During the first three months after a stroke, survivors are about eight times more likely to experience depression than their peers who didn't experience a stroke, a large Danish study suggests.
Researchers analyzed data on a large group of stroke patients and compared them to similar people who didn't have a stroke.
Within two years after a stroke, 25 percent of patients had a diagnosis of depression, with more than half the diagnoses coming within the first three months.
By comparison, slightly less than 8 percent of the people who didn't have a stroke had a depression diagnosis during the study, and less than a quarter of these cases were found within the first three months of the study.
"The frequency of depression in stroke patients is also much higher as compared to patients experiencing other acute somatic events such as a heart attack," said senior study author Dr. Merete Osler of Copenhagen University in Denmark.
"It seems that some imbalance in the brain induced by the stroke may cause stroke patients to be more susceptible to depression," Osler added by email.
More than 30 million people worldwide live with a stroke diagnosis, Osler and colleagues note in JAMA Psychiatry.
Depression afterward is common.
As in people who don't have a stroke, the risk for depression increases with age and is also greater for women, individuals who live alone or have less education, and people with diabetes or a history of mental health problems, the authors point out.
To see how stroke may influence the risk of depression, researchers examined data from seven Danish nationwide registries on 157,243 people aged 15 and older hospitalized for the first time with a stroke from 2001 to 2011, and 160,236 similar people without stroke.
Overall, more than 34,000 stroke survivors and more than 11,000 people who didn't have a stroke were diagnosed with depression during two years of follow-up.
Researchers also looked at how depression influenced survival.
For people without a stroke, depression was associated with nearly three-times higher odds of death from any cause during the study period. For stroke survivors, depression was linked to an 89 percent greater likelihood of death during the study.

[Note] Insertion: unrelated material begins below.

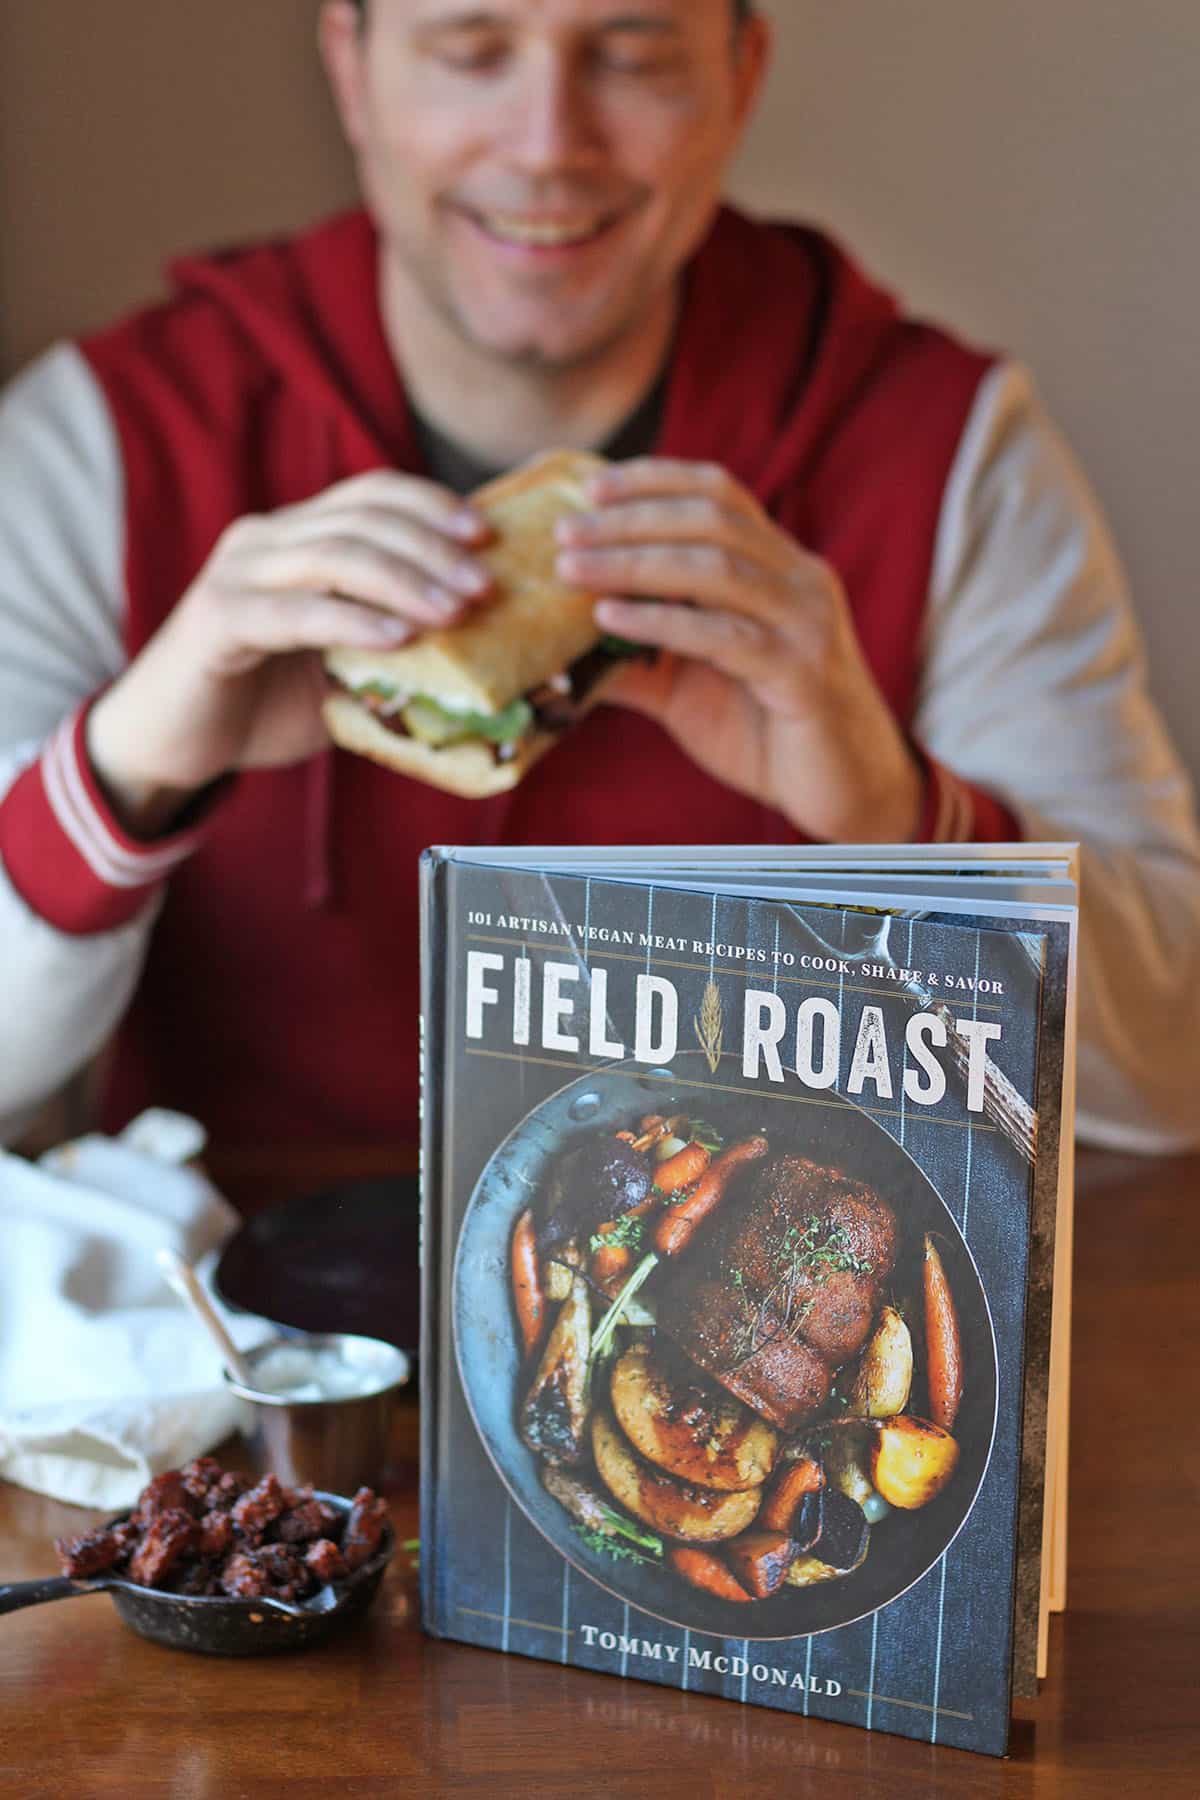 Field Roast cookbook on table. Man smiles holding sandwich in background.

The heightened death risk was most pronounced with recent onset depression, the study also found.
One limitation of the study, however, is that a depression diagnosis was often identified based on patients filling prescriptions for antidepressants, the authors note. This might not reflect all cases of depression or capture the severity of the condition.
Even so, the findings suggest that doctors, patients and families need to be alert for depression and other mood disorders after a stroke, Dr. Craig Anderson, executive director of the George Institute for Global Health at the University of Sydney, Australia, wrote in an accompanying editorial.
"We know that it is very common - one in three stroke survivors suffer from some form of depression - and that it adversely impacts on recovery and increases the risks of recurrent stroke and other serious cardiovascular events and death," Anderson said by email.
"We know it is difficult to diagnose because patients have problems with speech and memory, and their physical disability, and there is uncertainty how to best manage the condition," Anderson added.
Often, doctors may take a watchful waiting approach for a few weeks after depression symptoms first surface, followed by psychological counseling or antidepressants, Anderson said.
Patients and families should speak up if they suspect a mental health issue.
"Depression is common and it is ok to feel flat and down after a stroke," Anderson said. "However, sometimes this can be more serious and require treatment."